I'm hoping to do leucs not sure if I'll have room for a water feature in the aqua. We will see when it gets here I guess. I did order the plant pack and the waterfall.


----------



## austin (Dec 6, 2013)

I may do a Phyllomedusa species or darts, probably will end up with darts. I got the aqua so I think having water in the bottom and tree frogs would be fun though!


----------



## Rushthezeppelin (Oct 6, 2015)

C los7 said:


> I'm hoping to do leucs not sure if I'll have room for a water feature in the aqua. We will see when it gets here I guess. I did order the plant pack and the waterfall.


You should be able to have it configured for one of the smaller sized pools with plenty of land area. I wouldn't do more than a trio in the Aqua though. I'm probably doing 4-6 in the Grand depending on how I end up arranging everything. Want a good enough chance for a pair but I do want it a bit understocked since these are my first darts.


----------



## macuser (Oct 8, 2015)

i got the grand with the plant package, waterfall, and feeder and i put down a deposit for 5 understory vanzolinis. i told them i'd be ready for my frogs in march but incase i dont get my grand in time, i can push back the delivery date to june.


----------



## Rushthezeppelin (Oct 6, 2015)

Ya I certainly hope I get mine at least a month or two before it gets hot here in TX otherwise I'll have to push frogs off to next fall or drive down to Houston to Genesis Exotics. I really want to do a one to two month growout/cycling period, partly to just make sure the enviro controls work well.


----------



## macuser (Oct 8, 2015)

i'm not too concerned with the weather. i'm sure understory has shipping all figured out. i plan to take the day off and pick my frogs up at whatever shipping facility they arrive at. i'll probably get there before the place opens to make sure my frogs dont spend any more time in the box then they have to.


----------



## C los7 (Sep 24, 2015)

I guess being here in Toronto Canada I'm lucky that I can get frogs from UE directly at reptile expos.


----------



## Rushthezeppelin (Oct 6, 2015)

Ohhh ya I keep forgetting about expos....haven't been to one yet. I think Genesis occasionally comes up to Austin expos too so that might work out. That would be great too as I was thinking about trying to split my leucs from two separate documented lines so hopefully I'll get unrelated pairs.


----------



## macuser (Oct 8, 2015)

C los7 said:


> I guess being here in Toronto Canada I'm lucky that I can get frogs from UE directly at reptile expos.

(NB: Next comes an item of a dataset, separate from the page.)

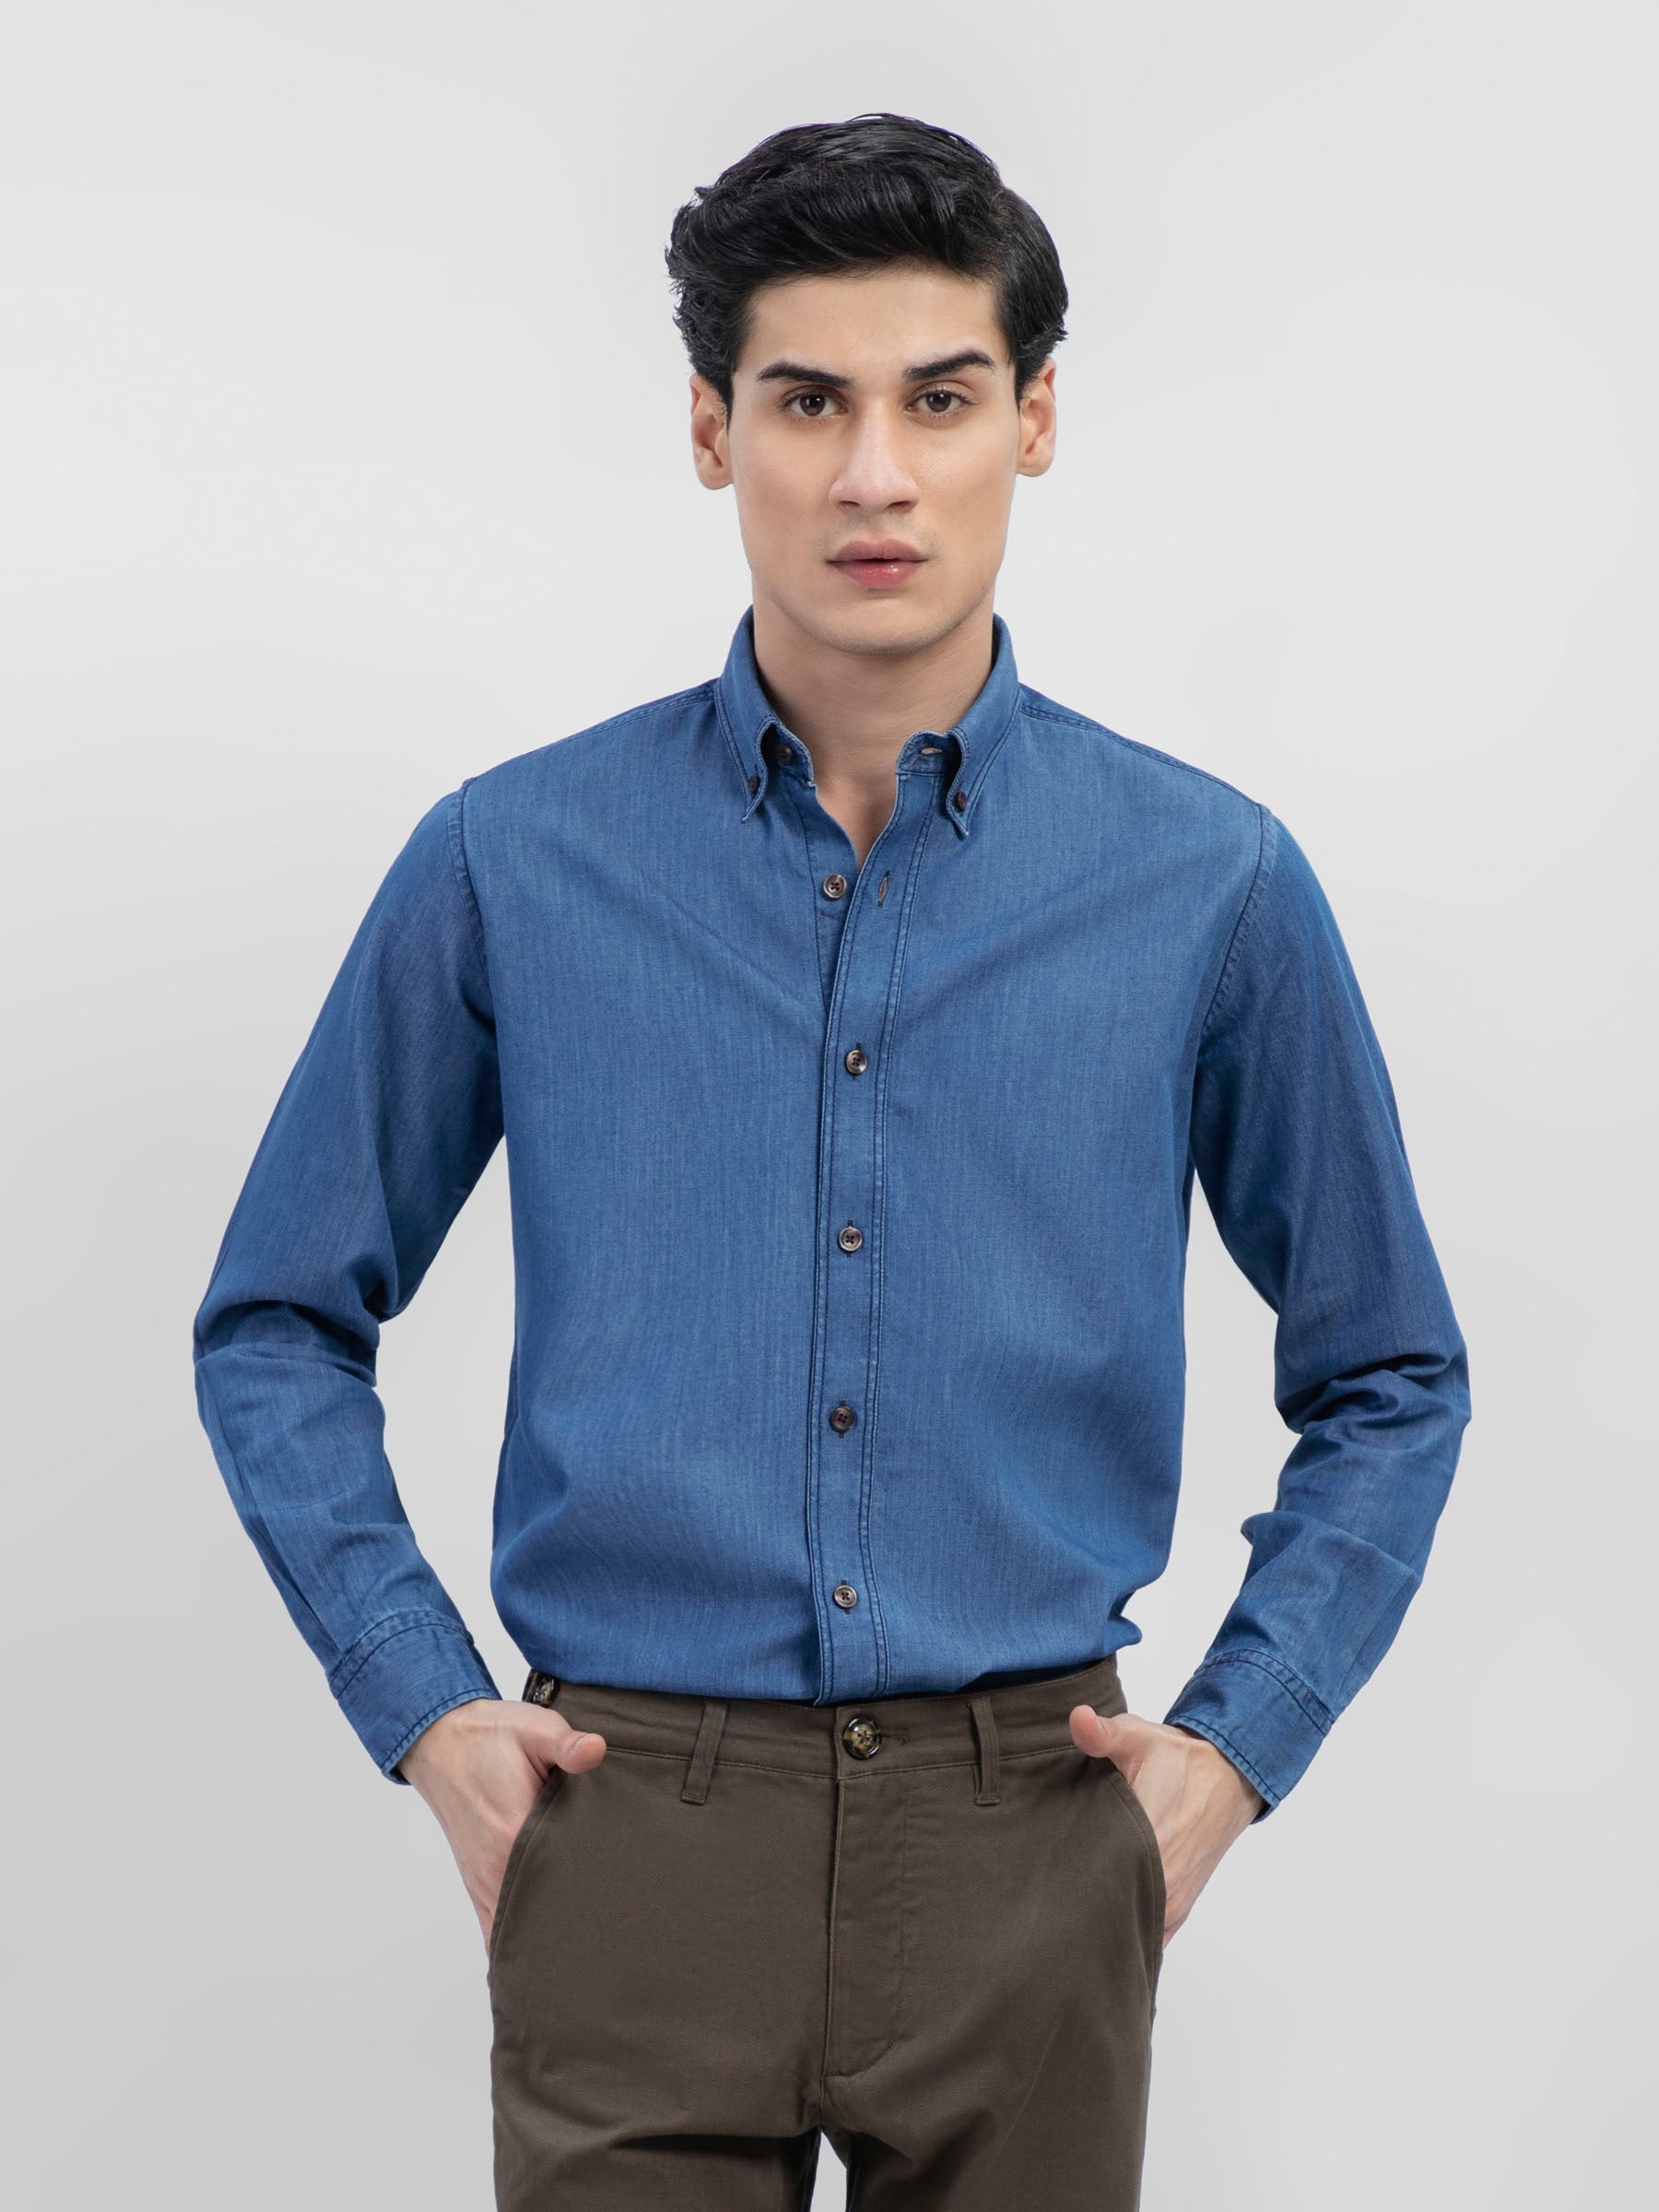 Buy Long sleeve jean shirts In Pakistan Long sleeve jean shirts Price

yea, especially if you're in the market for some cool frogs!


----------



## Kyman (Sep 18, 2015)

I'm getting thumbnails next weekend at the Phoenix reptile expo for my first tank!!! I'm pretty siked!!!! But I wanna do either a tree frog or another thumbnail species for my Aqua and idk what fish I wanna do yet


----------



## tth2010 (Aug 11, 2015)

I am getting the aqua and am probably going to put a couple of Epipedobates trivittatus 'Huallaga Canyon' Poison Dart Frogs in there. I am looking forward to it being an easy paludarium to build, since it will be my first one. I plan on putting some micro fish in the bottom area. Maybe some very small gouramis and tetras of sorts.


----------



## C los7 (Sep 24, 2015)

I'd like to put water and darts with the Aqua too. But I don't think there will be much land left in the biopod that size for darts too.


----------



## Kyman (Sep 18, 2015)

C los7 said:


> I'd like to put water and darts with the Aqua too. But I don't think there will be much land left in the biopod that size for darts too.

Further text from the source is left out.